Supplied records
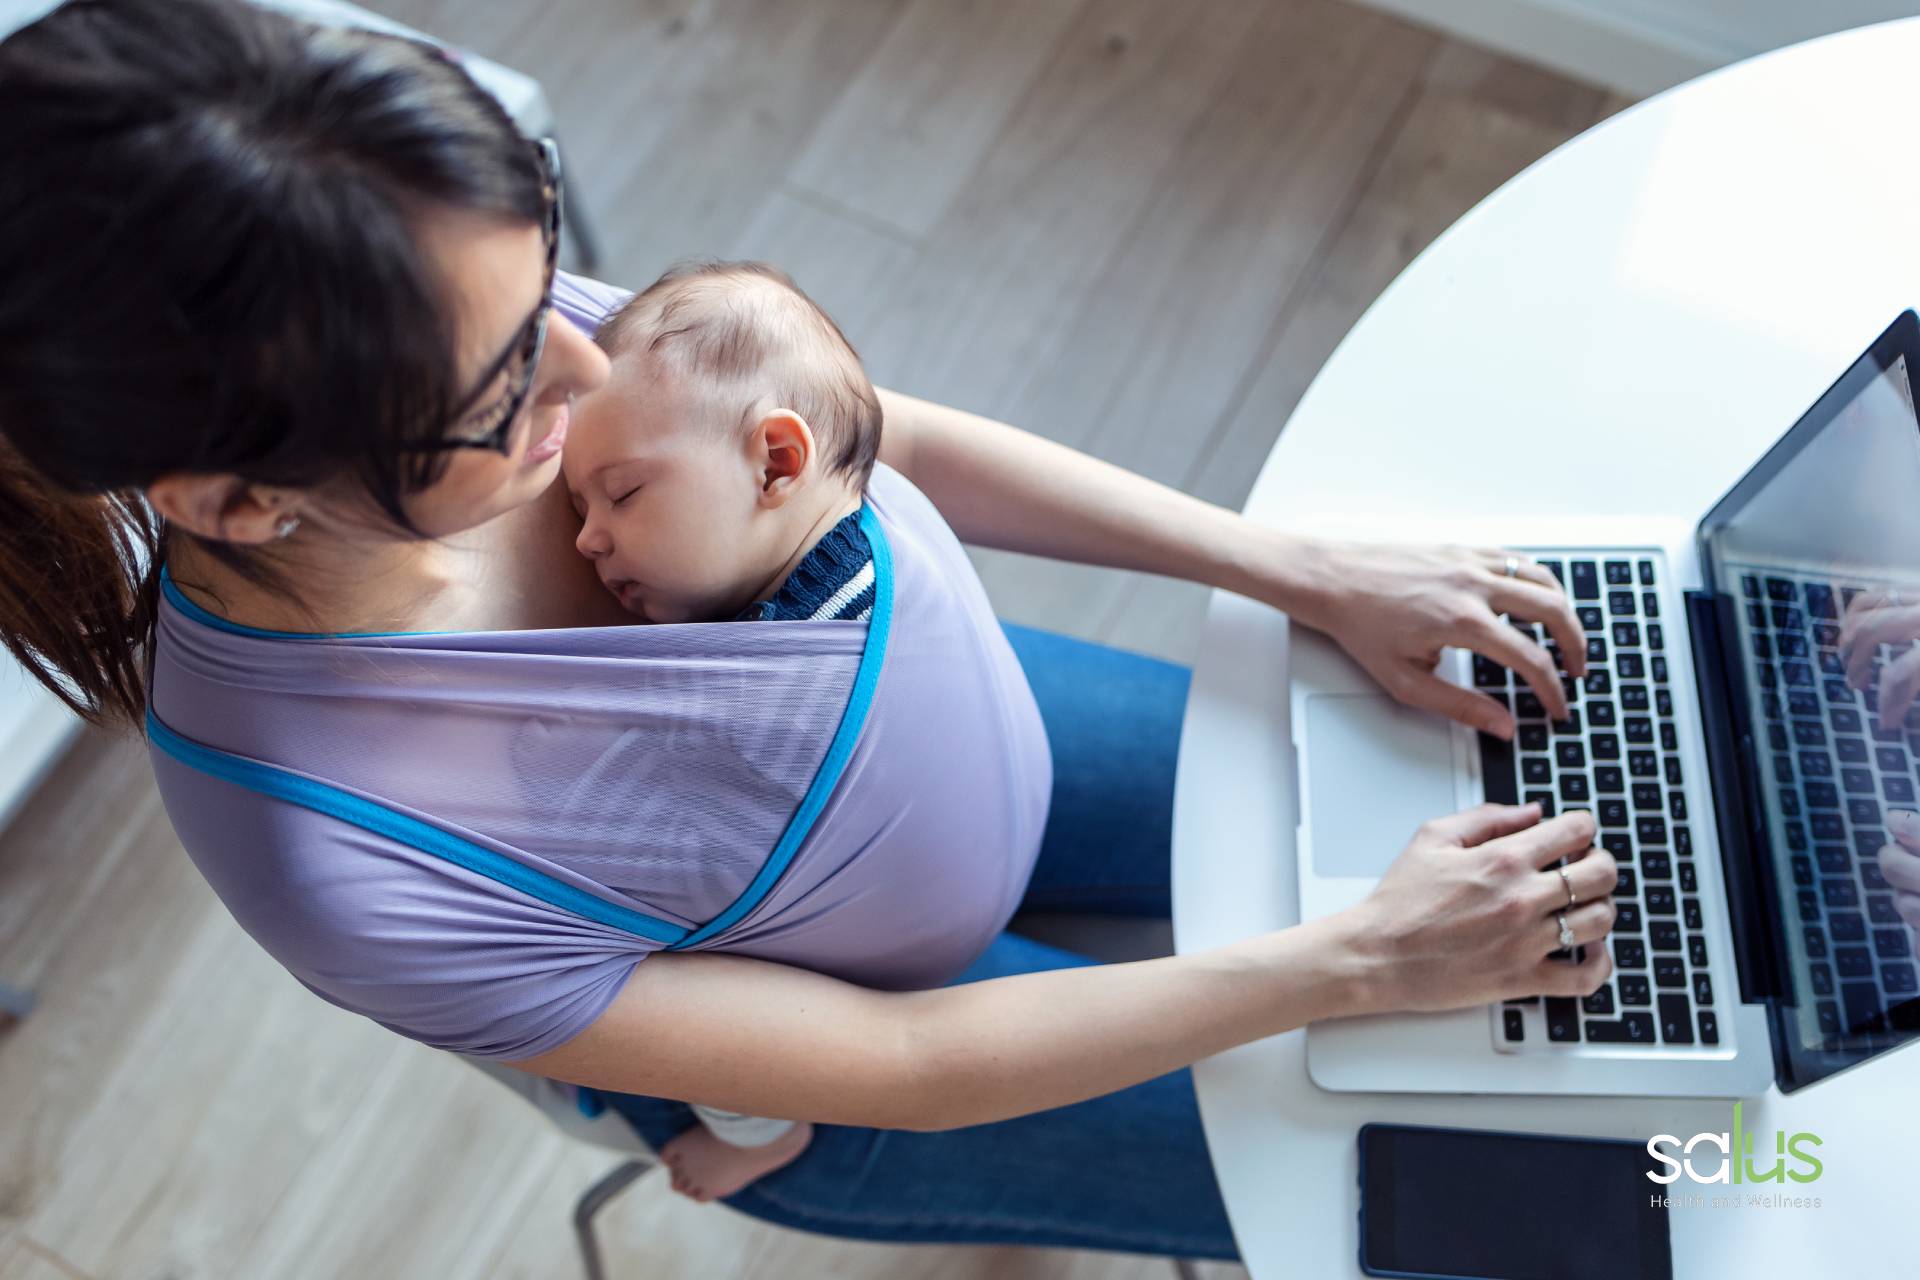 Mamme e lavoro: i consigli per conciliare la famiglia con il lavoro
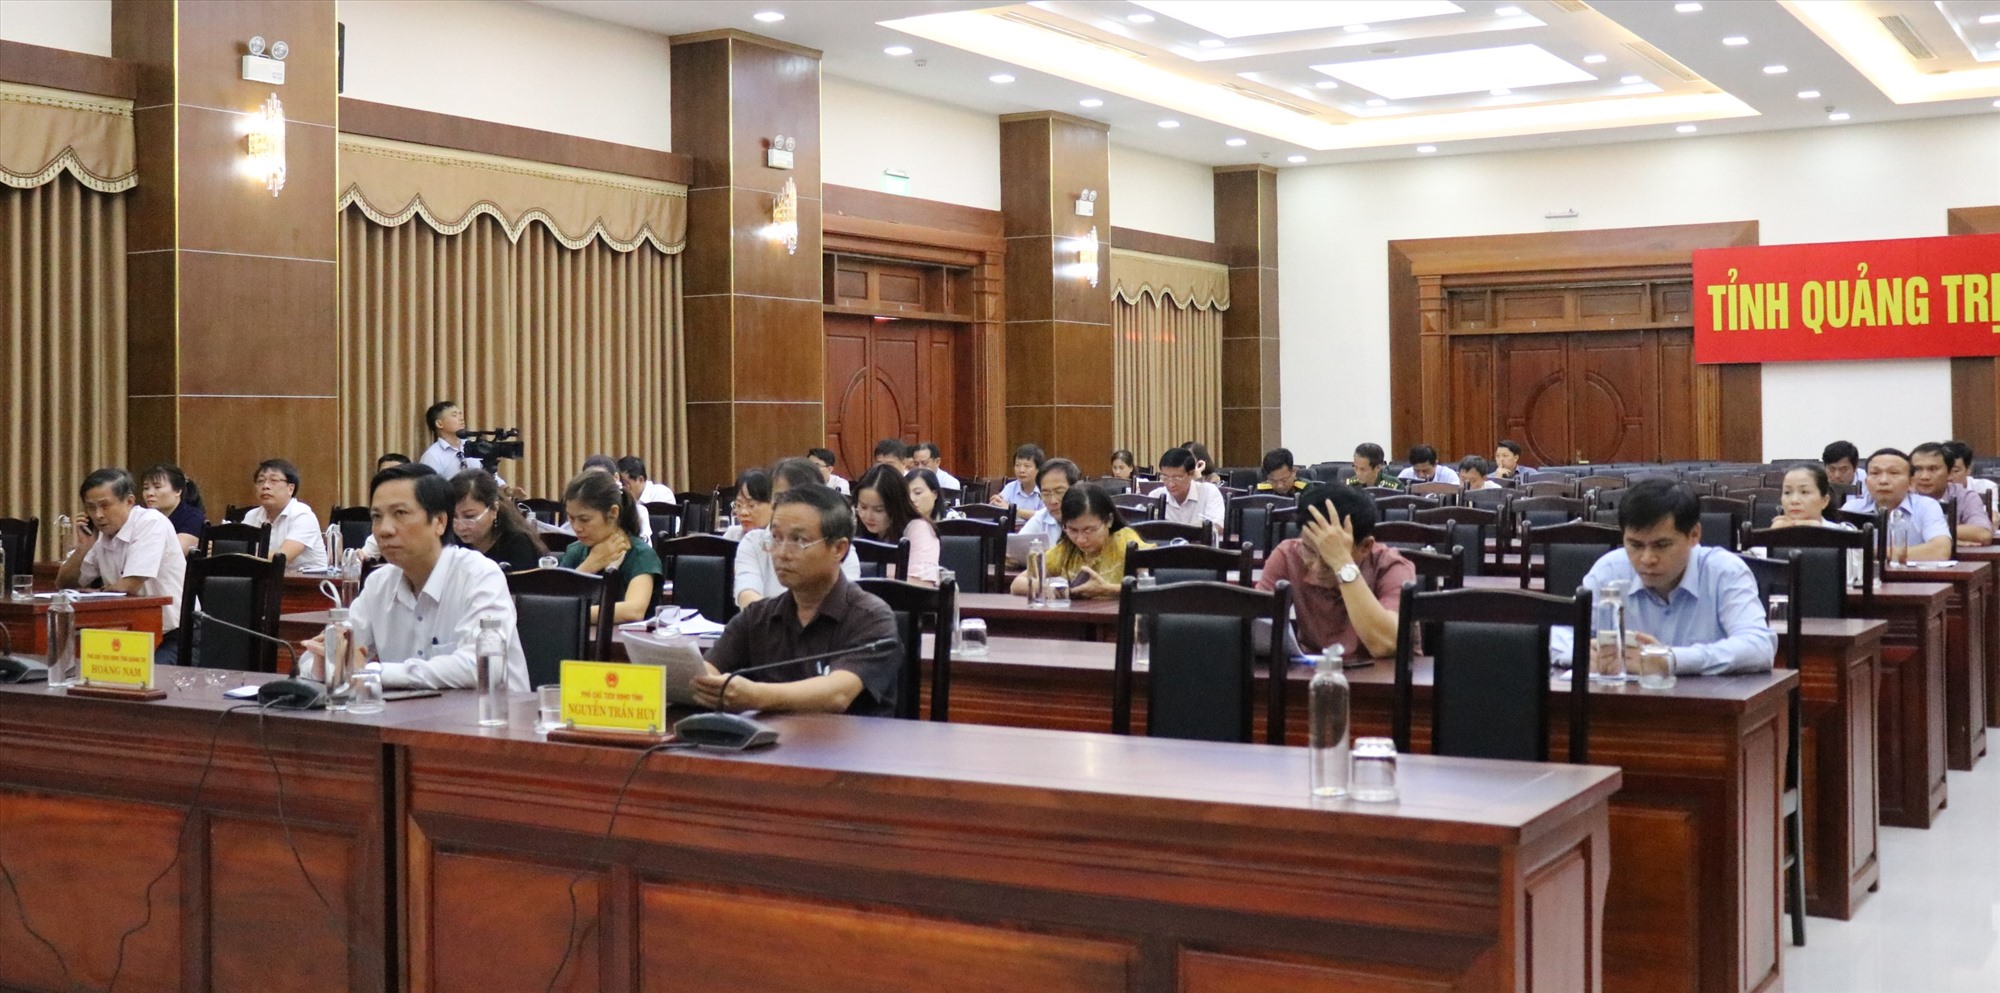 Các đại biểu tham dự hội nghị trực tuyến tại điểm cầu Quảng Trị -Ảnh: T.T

--

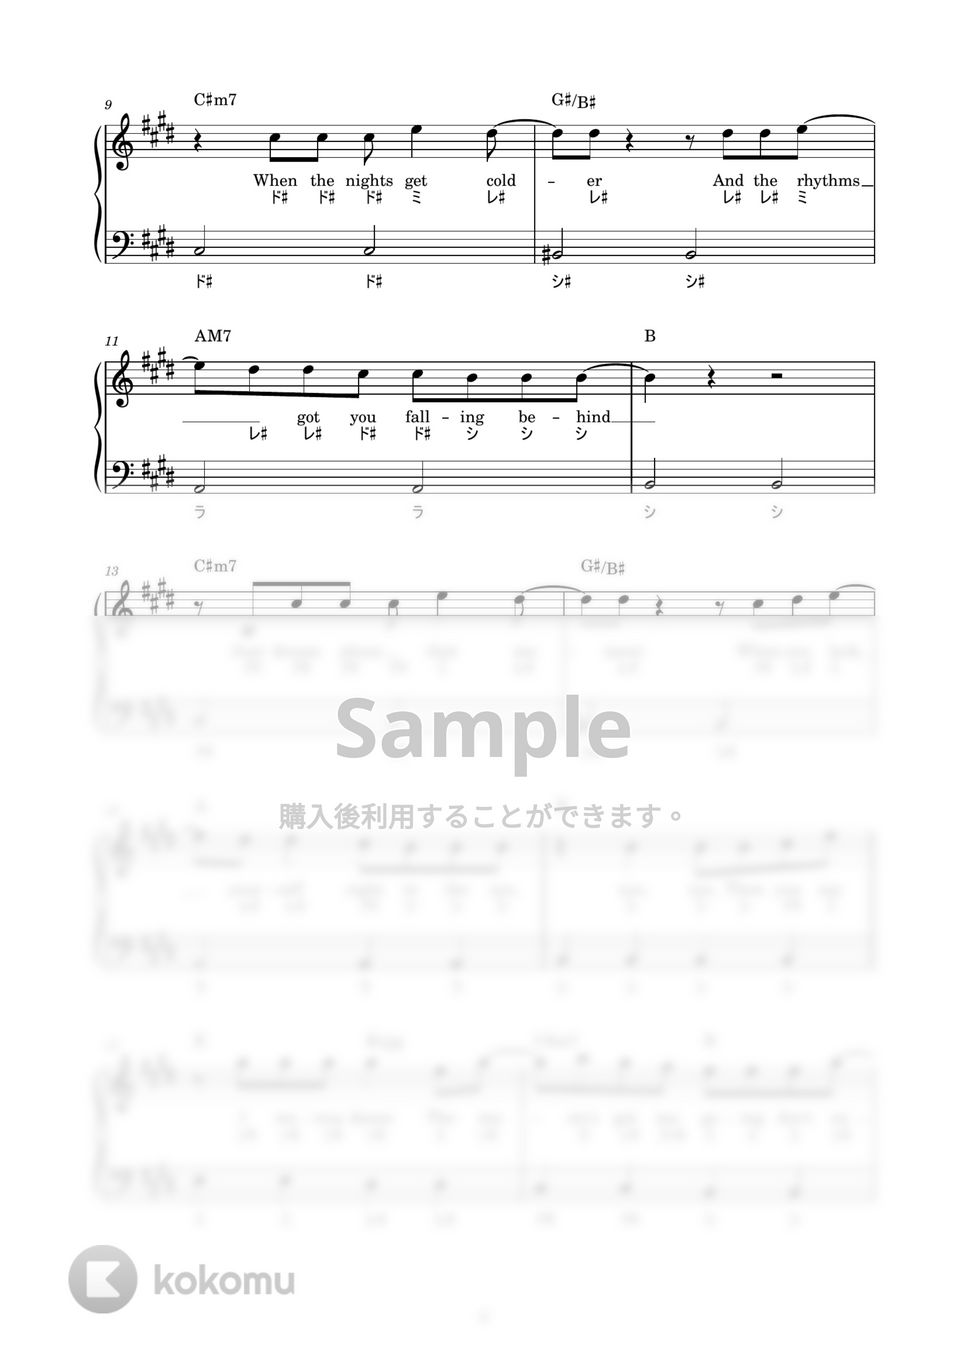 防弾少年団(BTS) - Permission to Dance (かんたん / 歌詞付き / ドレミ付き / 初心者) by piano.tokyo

==

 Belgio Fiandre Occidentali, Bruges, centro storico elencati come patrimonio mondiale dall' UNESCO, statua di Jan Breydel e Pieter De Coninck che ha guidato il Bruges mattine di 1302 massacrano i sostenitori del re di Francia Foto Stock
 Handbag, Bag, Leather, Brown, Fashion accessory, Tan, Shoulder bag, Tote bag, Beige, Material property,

Activity
Every line from the one with "Mamme e lavoro: i" through the one with "Các đại biểu" is to be reproduced exactly as written above, and the pictures are to be dropped.

Task result
 Mamme e lavoro: i consigli per conciliare la famiglia con il lavoro
 Các đại biểu tham dự hội nghị trực tuyến tại điểm cầu Quảng Trị -Ảnh: T.T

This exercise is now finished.